Heat 2 to 3 inches of vegetable oil in a deep fryer or heavy saucepan on the stove to 375 degrees. Securely attach desired rosette iron to the set handle and immerse in the hot oil until thoroughly heated. Lift the iron and shake off excess oil and dip in the prepared batter. Dip only to the depth of the form Dip form into the hot oil. When the oil foamy bubbling stops or the rosette is delicate brown, lift the iron from the oil. Allow excess oil to drip off and remove the

rosette from the iron. Tap firmly on the back of the iron with a wooden spoon to loosen the rosette if needed. Drain and cool, open side down on paper toweling. Allow iron to reheat in oil every few rosettes. If oil or iron is not the correct temperature, rosettes may stick to the iron, but with a bit of practice, you will get the right temperature and timing. If the batter gets too thick, dilute it with a small amount of milk.

Yield: about 4 dozen, but it varies with the size of the irons.

Note: substitute vanilla if you do not care for the lemon flavor. The recipe I have used is the same as Jenny’s, except it calls for 2 tsp vanilla extract.

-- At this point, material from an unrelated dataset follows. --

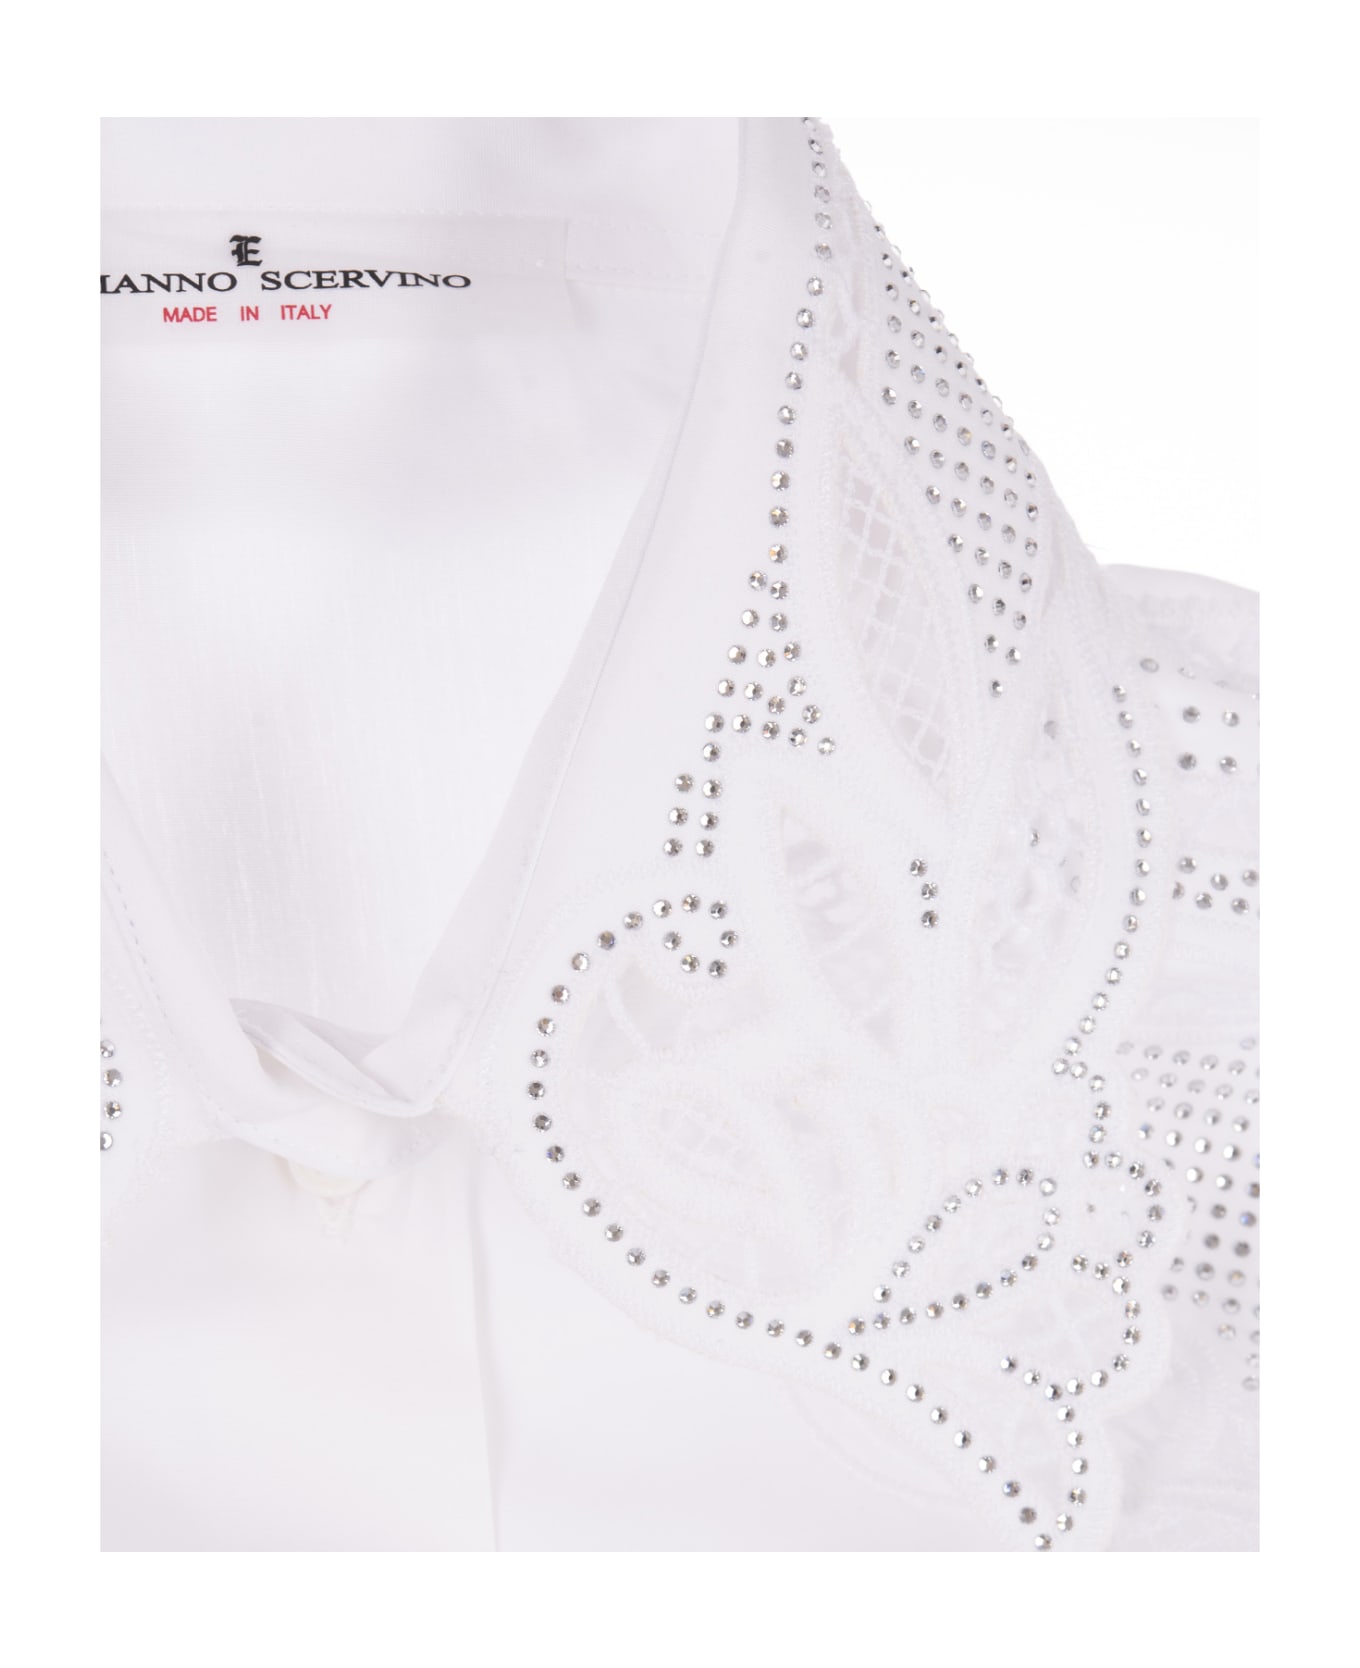 Ermanno Scervino White Over Shirt With Sangallo Lace Cut-outs - White シャツ

Looking for some last-minute stocking stuffers for your favorite cook? New spatulas in various sizes, new box graters, new can openers, new vegetable peelers, new pancake turner/spatula, new wooden mixing spoons, new kitchen shears, new dish towels and washcloths, or new dry measure cup sets would be welcomed by most who have kitchen duty. These are items most kitchens have, but they wear out and need replacing from time to time. These are also good suggestions for the new homemaker.

Share your favorite holiday recipes with your fellow readers. January columns will feature recipes to use up those items in your pantry that you may have purchased but did not get used during the holidays. With the high cost of groceries, we want those dollars to be used wisely.

Send any recipes you would like to share to Welcome to My Kitchen, c/o The Odessa Record, P.O. Box 458, Odessa, WA 99159, email therecord@odessaoffice.com or drop them in the Welcome to My Kitchen mail tin in The Odessa Record office. When you are done with your fresh-cut Christmas evergreen trees, wreaths and swags, place them around rose bushes or other bare-branch shrubs in your garden for extra insulation throughout the remainder of the winter weather.